[The data]
====================
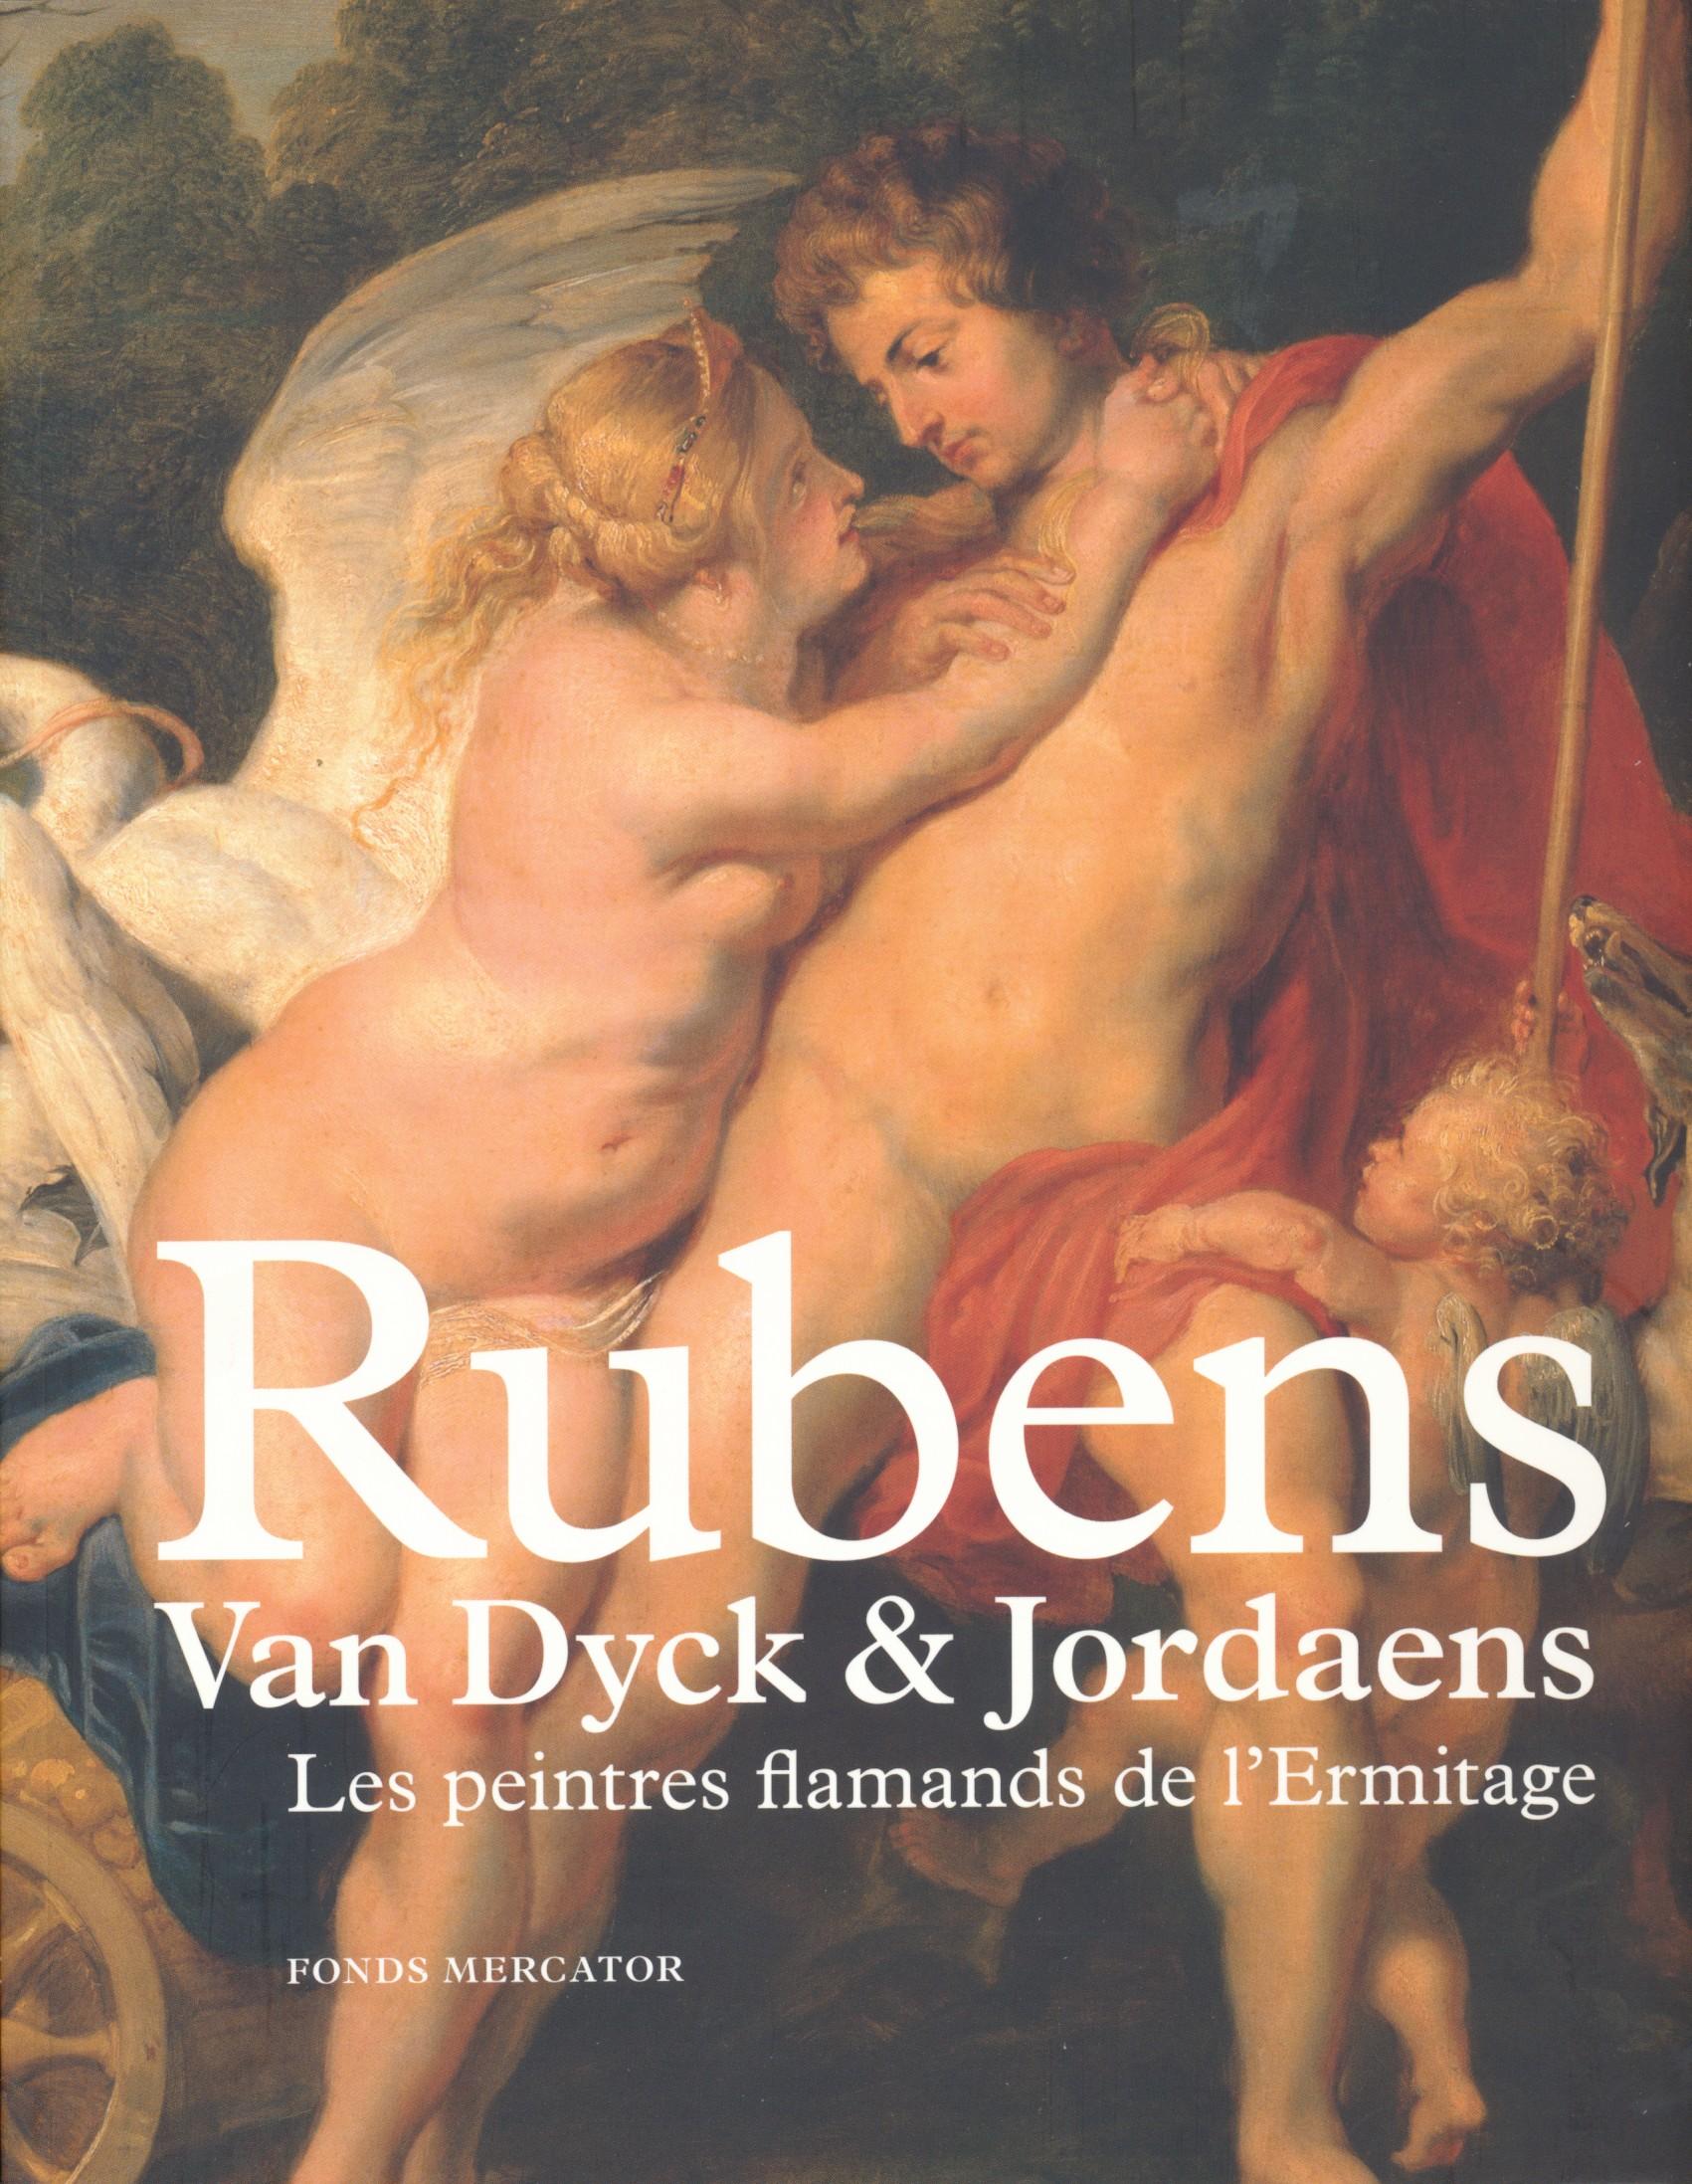 """Résultat de recherche d'images pour """"fonds mercator rubens van dyck et jordaens les peintres flamands de l'ermitage"""""""
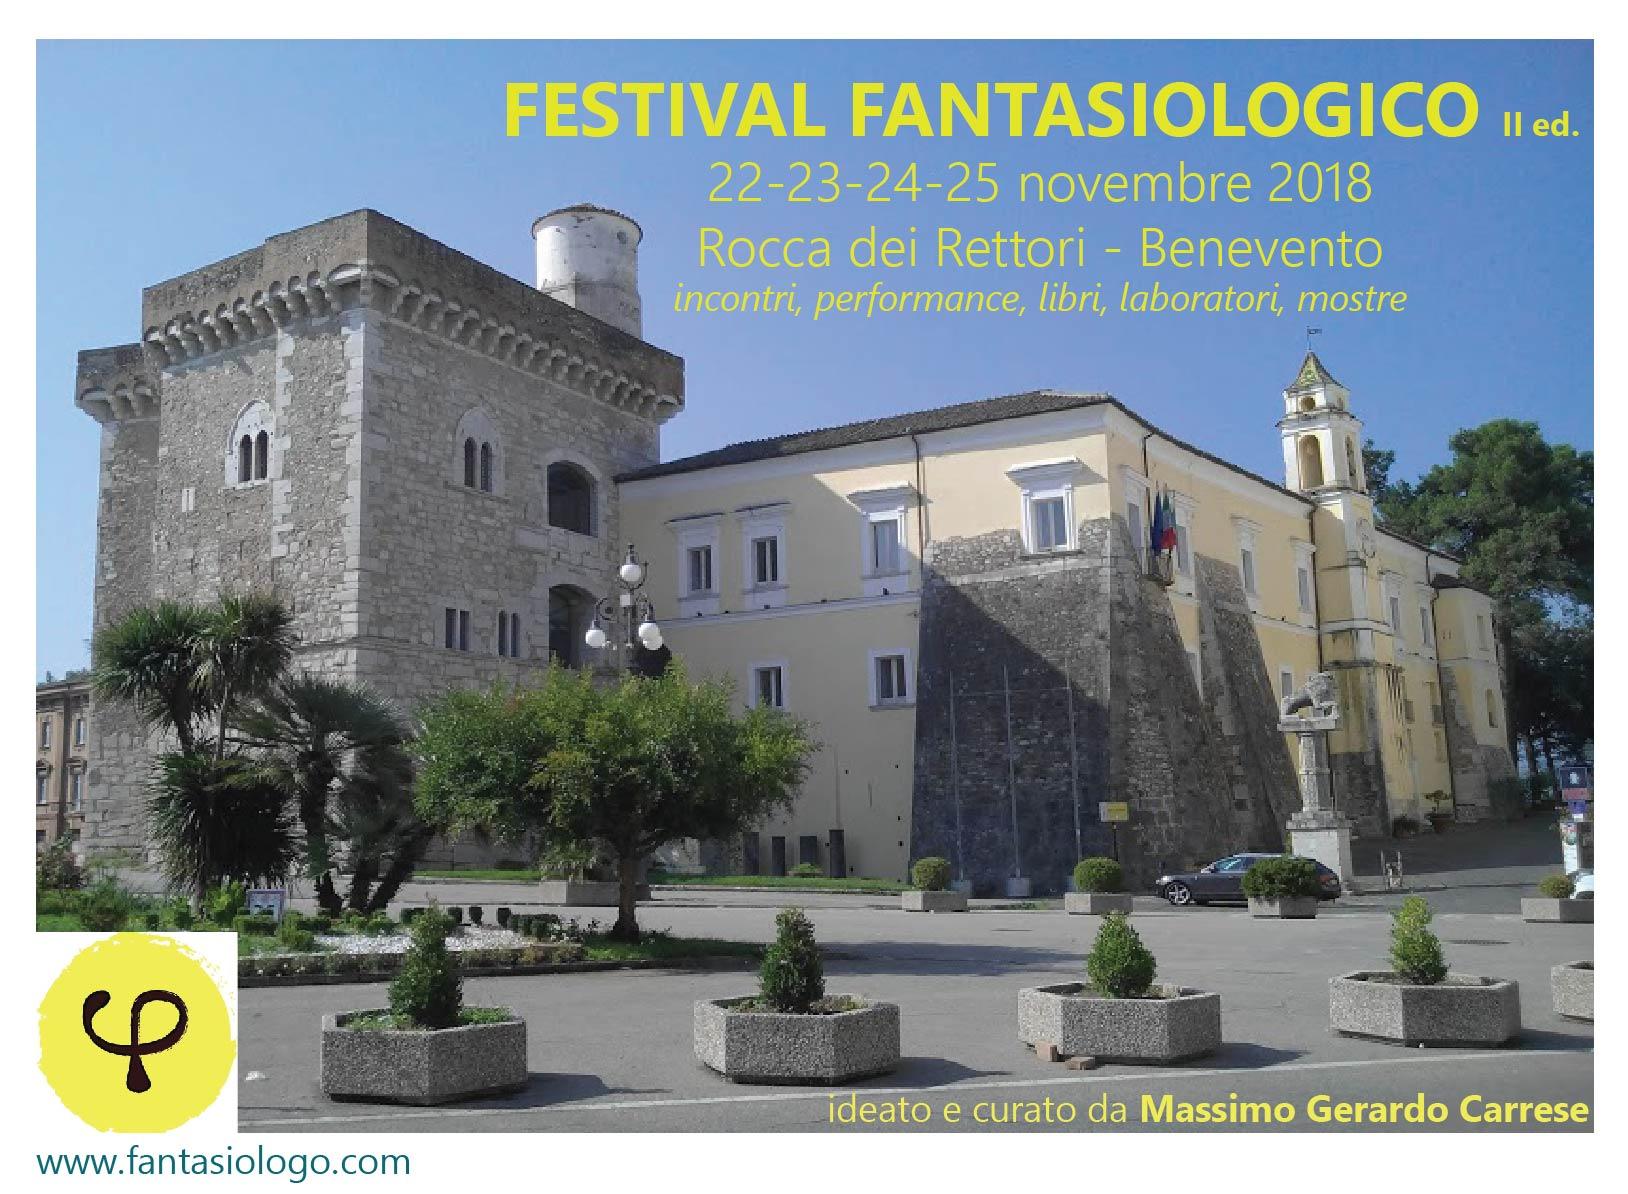 Alla Rocca dei Rettori di Benevento il Festival Fantasiologico 2018
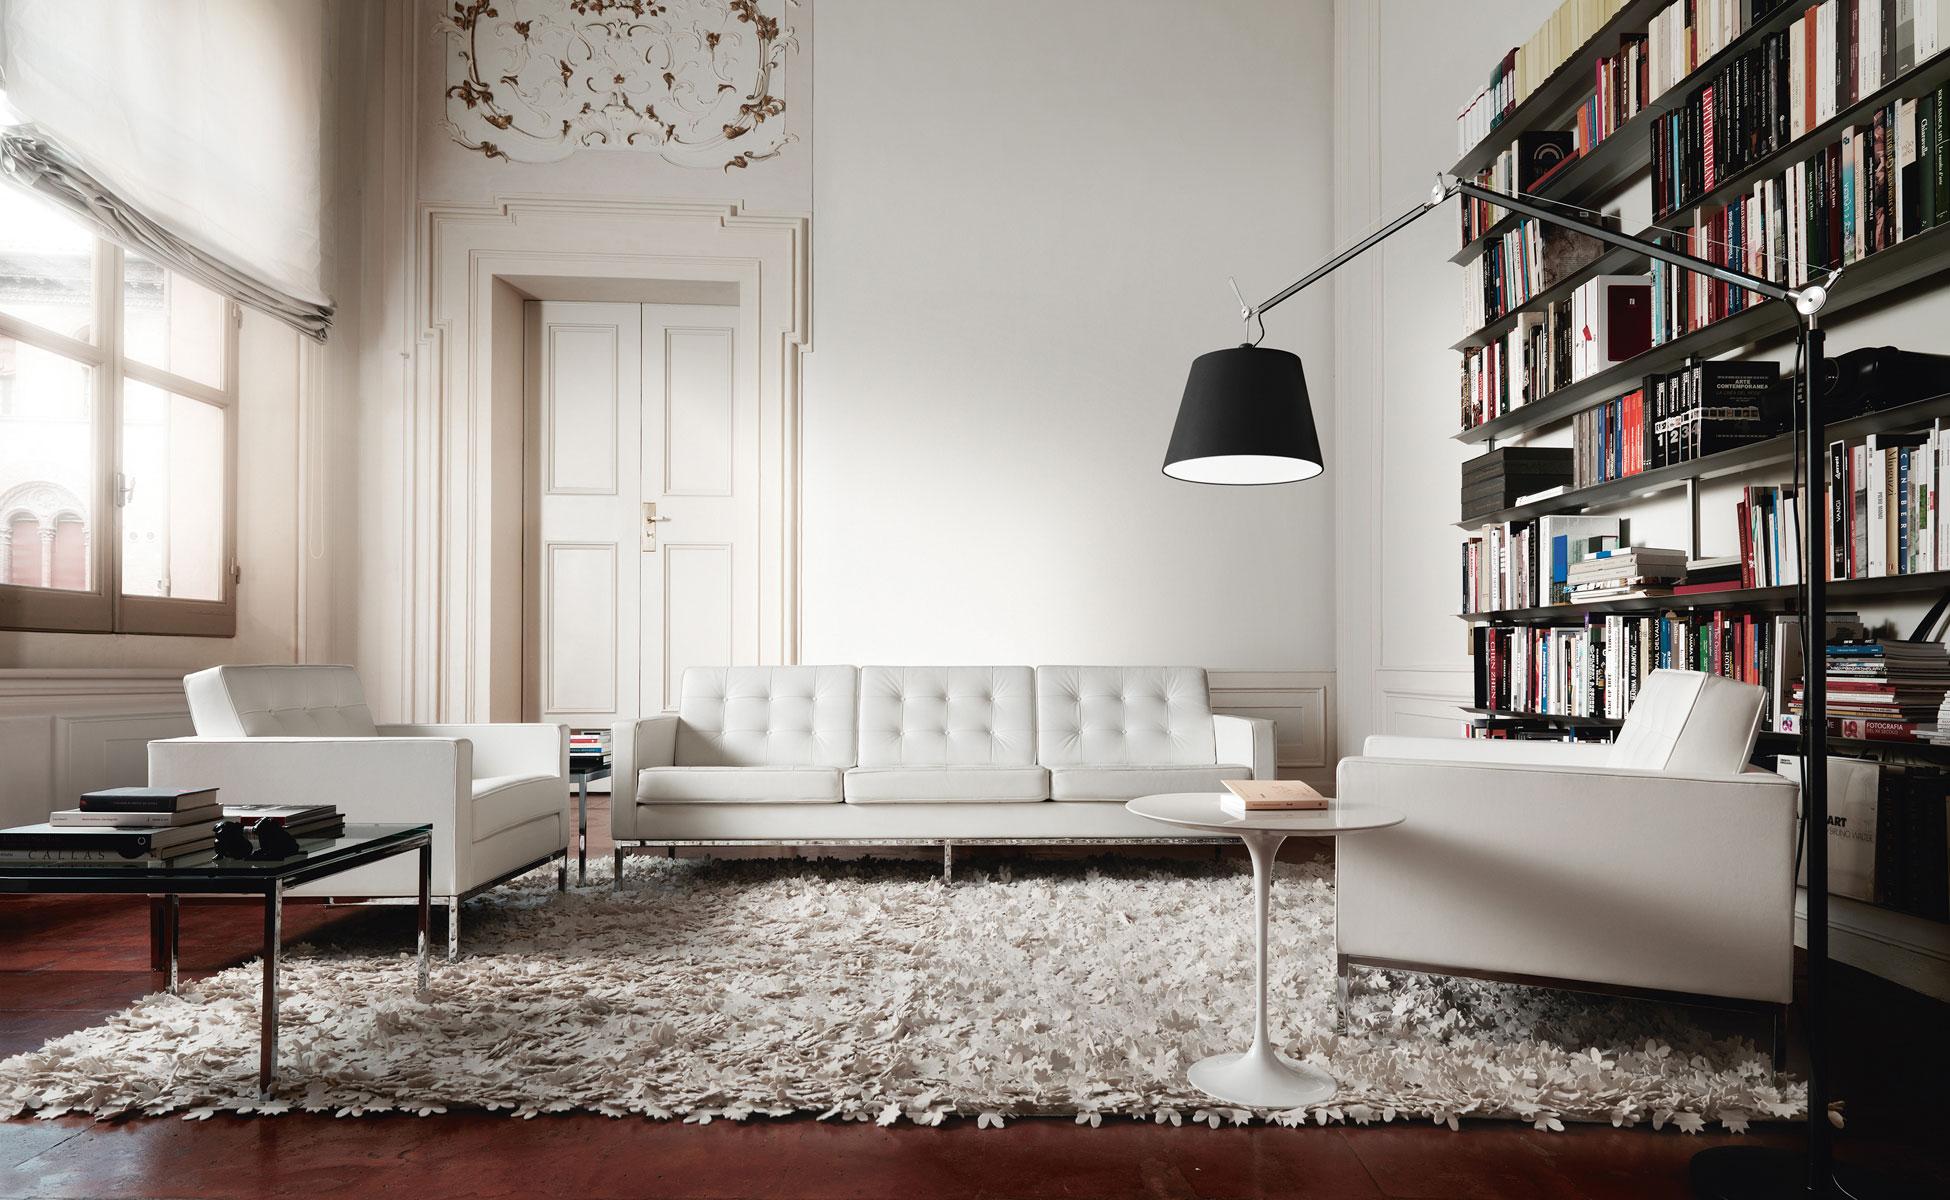 03 florence knoll sofa berlin steidten+
====================
[What you should do] Restate word for word only the lines from the one with "Alla Rocca dei" through the last line of the material, both included. Any picture should be left out.

[Answer space]
 Alla Rocca dei Rettori di Benevento il Festival Fantasiologico 2018
 03 florence knoll sofa berlin steidten+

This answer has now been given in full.